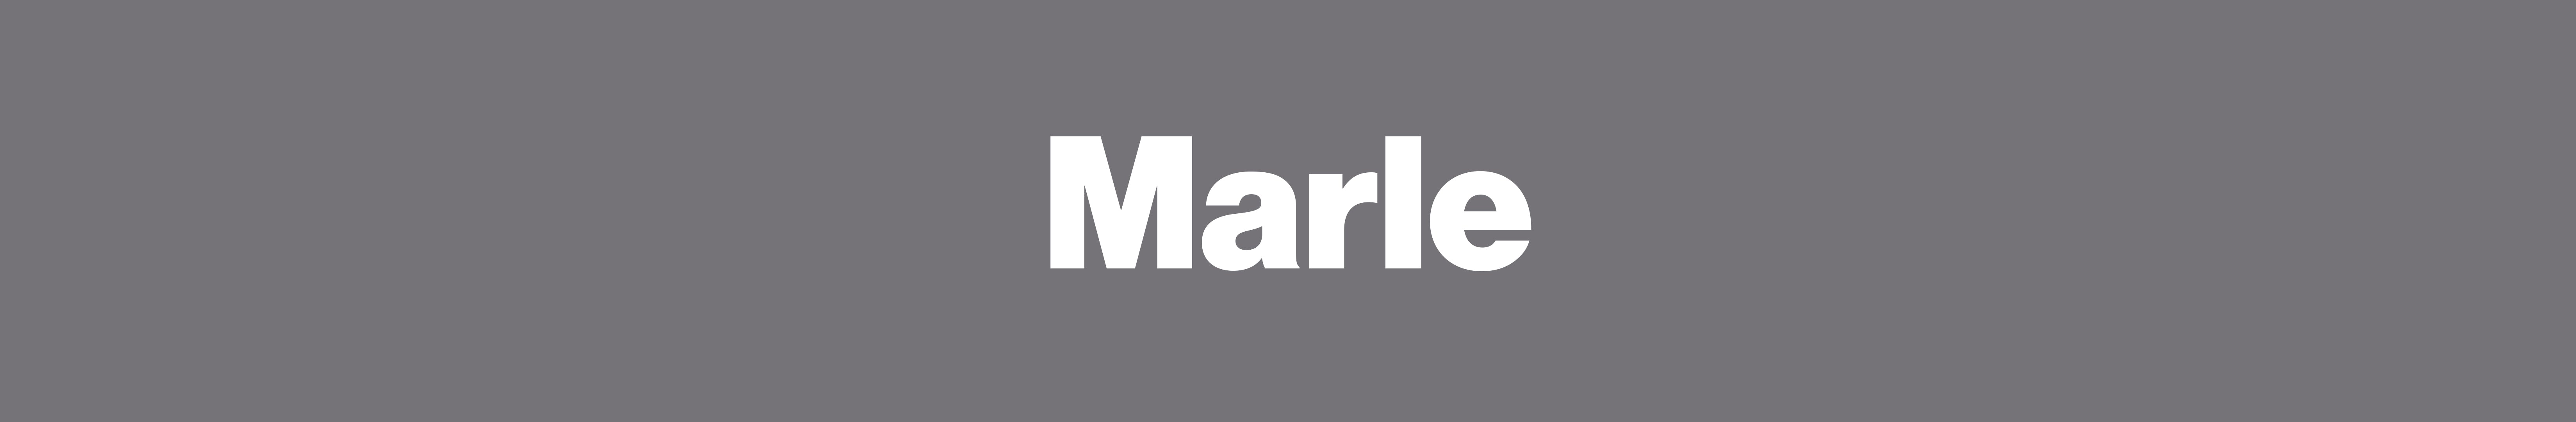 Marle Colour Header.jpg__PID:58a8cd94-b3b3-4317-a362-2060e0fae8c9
++++++++++++++++++++
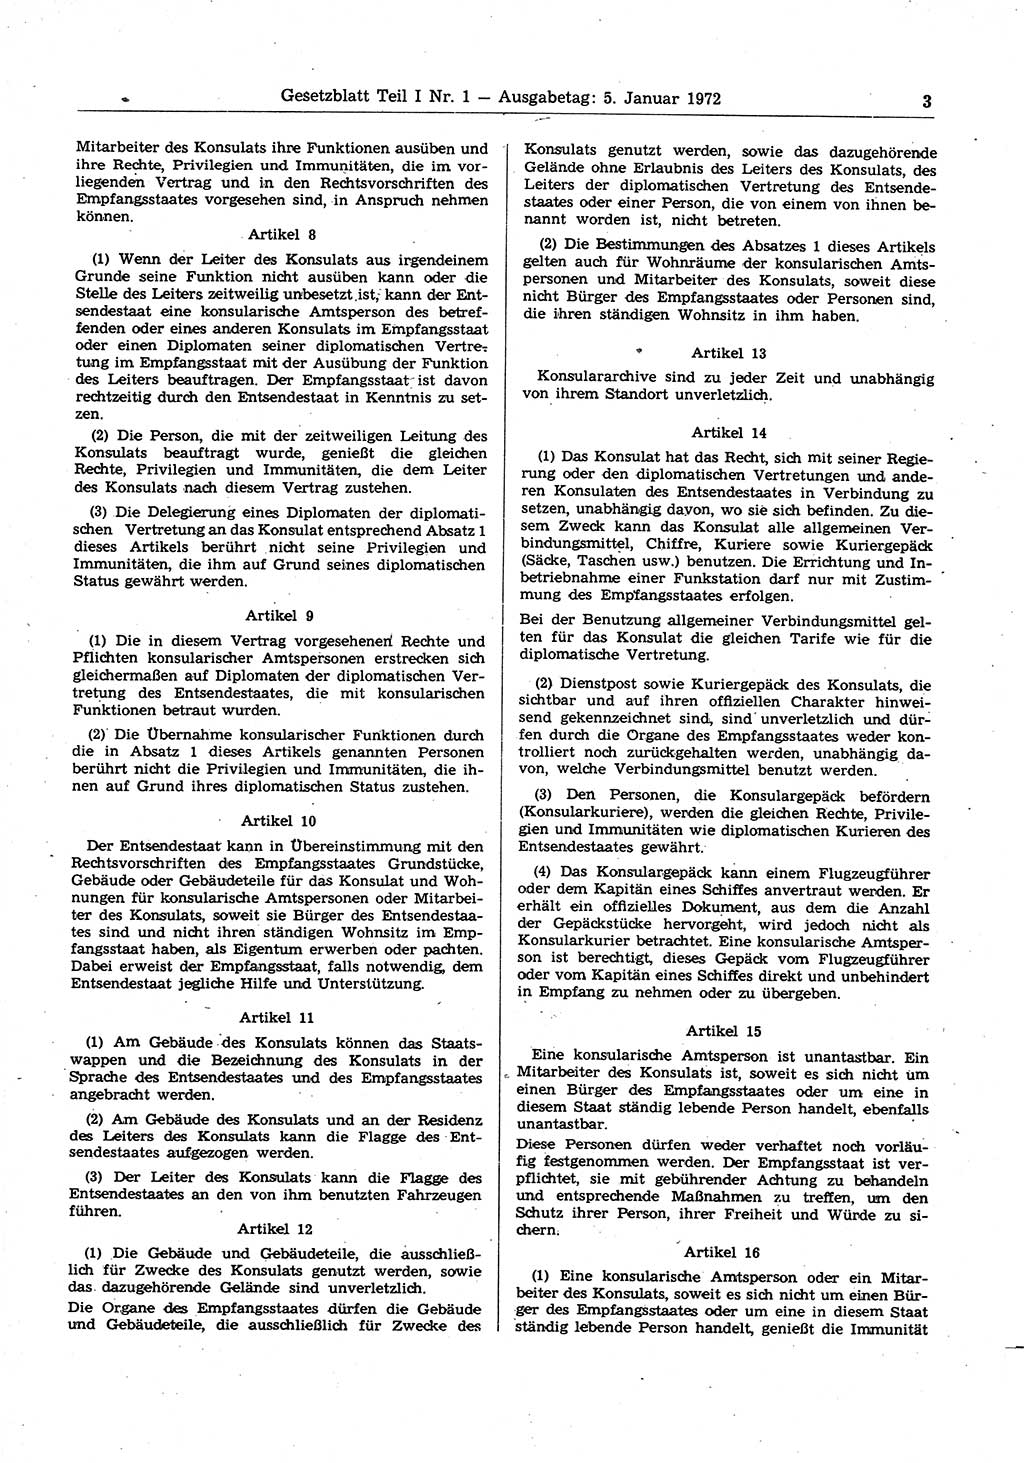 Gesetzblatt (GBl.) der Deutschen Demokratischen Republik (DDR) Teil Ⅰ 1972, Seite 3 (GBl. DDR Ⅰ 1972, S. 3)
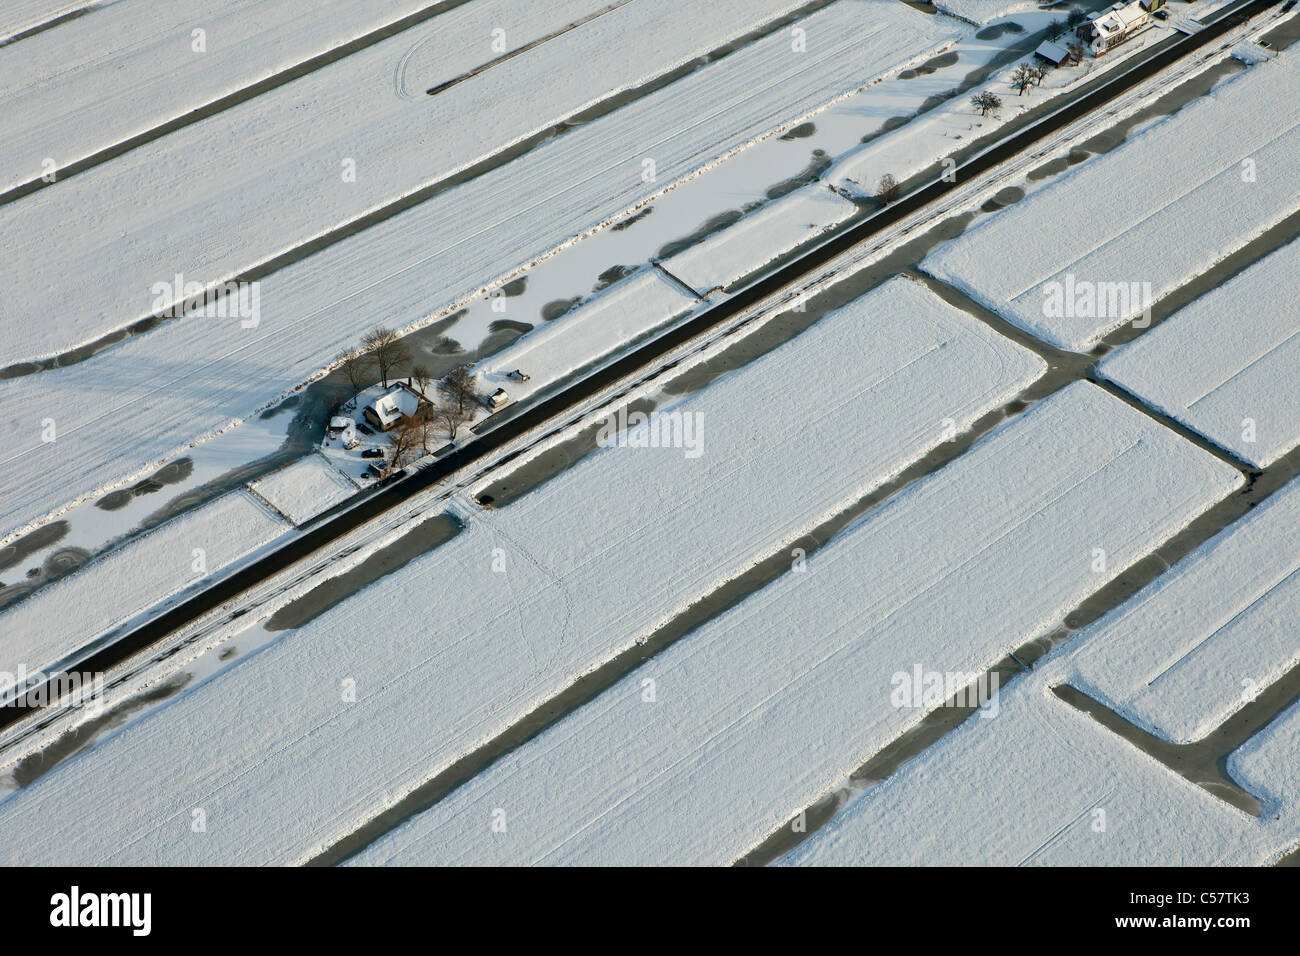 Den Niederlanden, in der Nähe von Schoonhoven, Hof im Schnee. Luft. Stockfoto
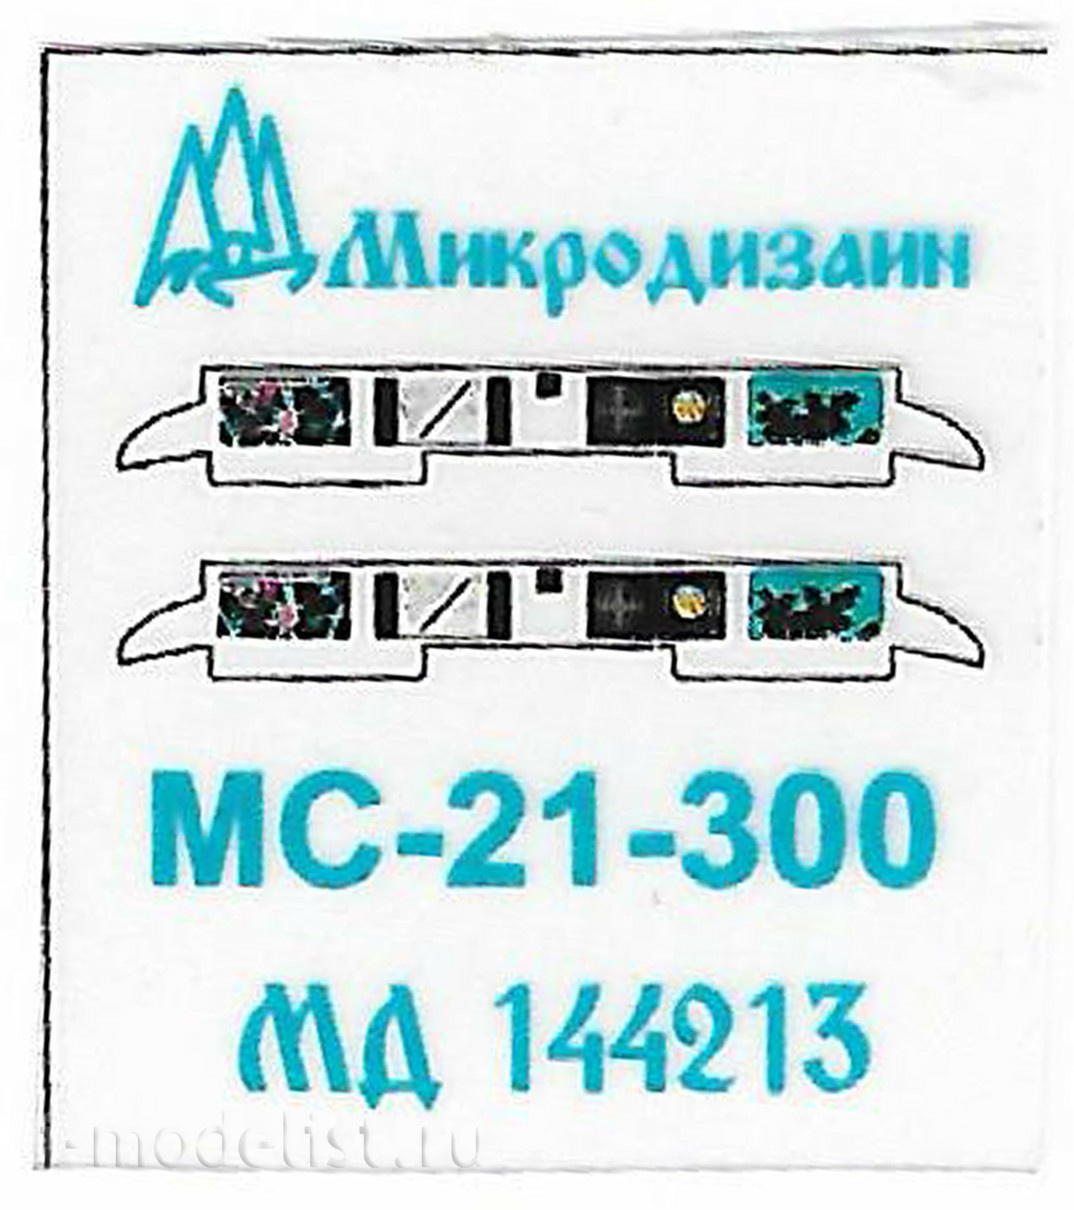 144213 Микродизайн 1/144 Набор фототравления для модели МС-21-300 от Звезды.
++++++++++++++++++++
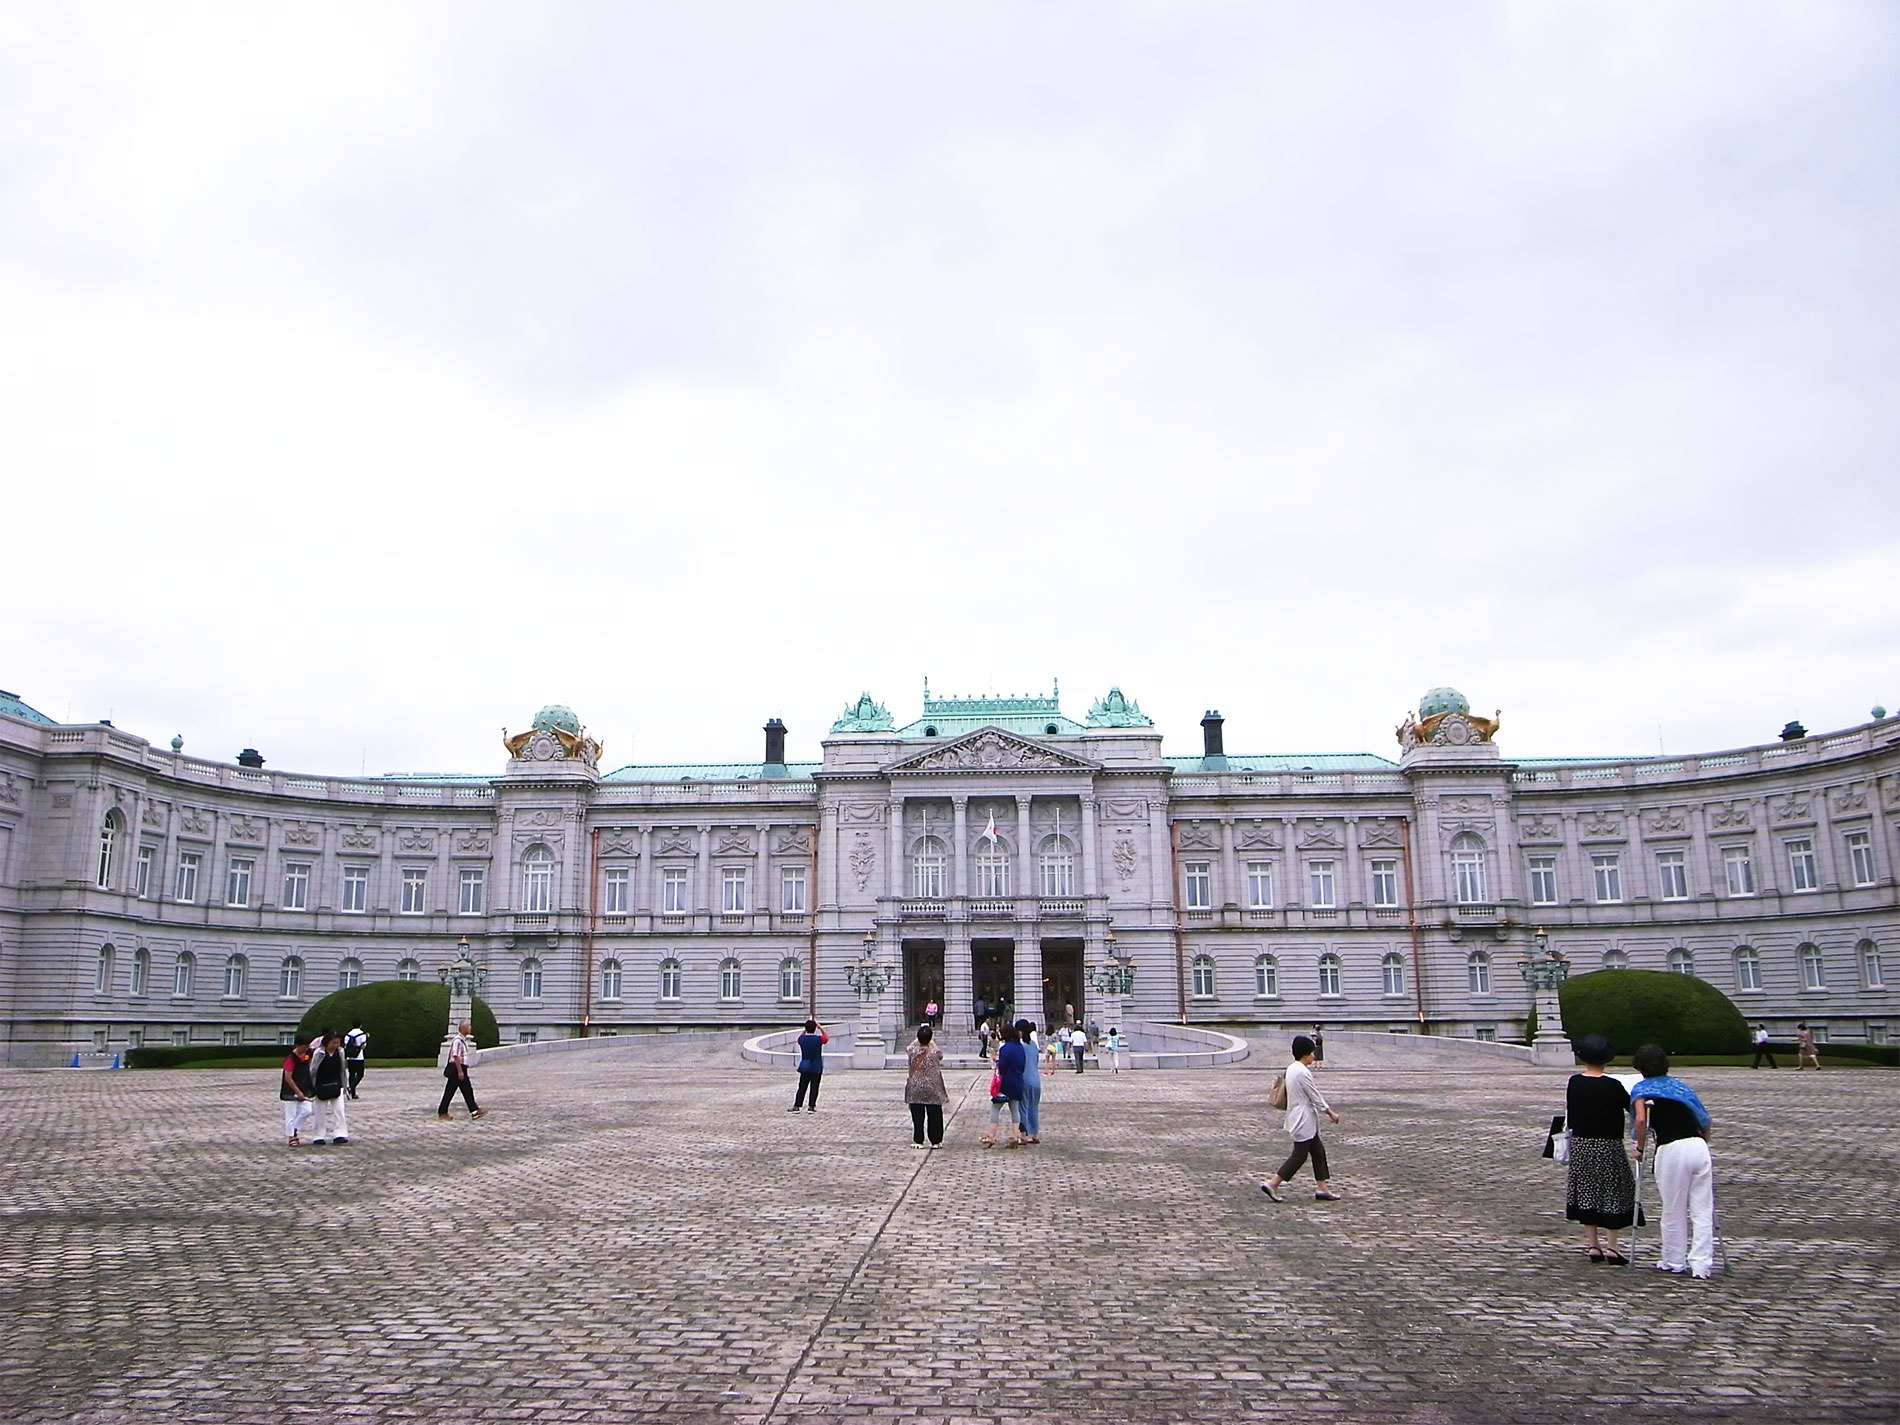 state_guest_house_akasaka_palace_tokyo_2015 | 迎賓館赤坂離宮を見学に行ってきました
++++++++++++++++++++
> _How to complete this task_
Copy everything above from the line holding "Den Niederlanden, in" down to the line holding "144213 Микродизайн 1/144", both ends included, exactly as it stands and without the pictures.

> _Expected output_
 Den Niederlanden, in der Nähe von Schoonhoven, Hof im Schnee. Luft. Stockfoto
 144213 Микродизайн 1/144 Набор фототравления для модели МС-21-300 от Звезды.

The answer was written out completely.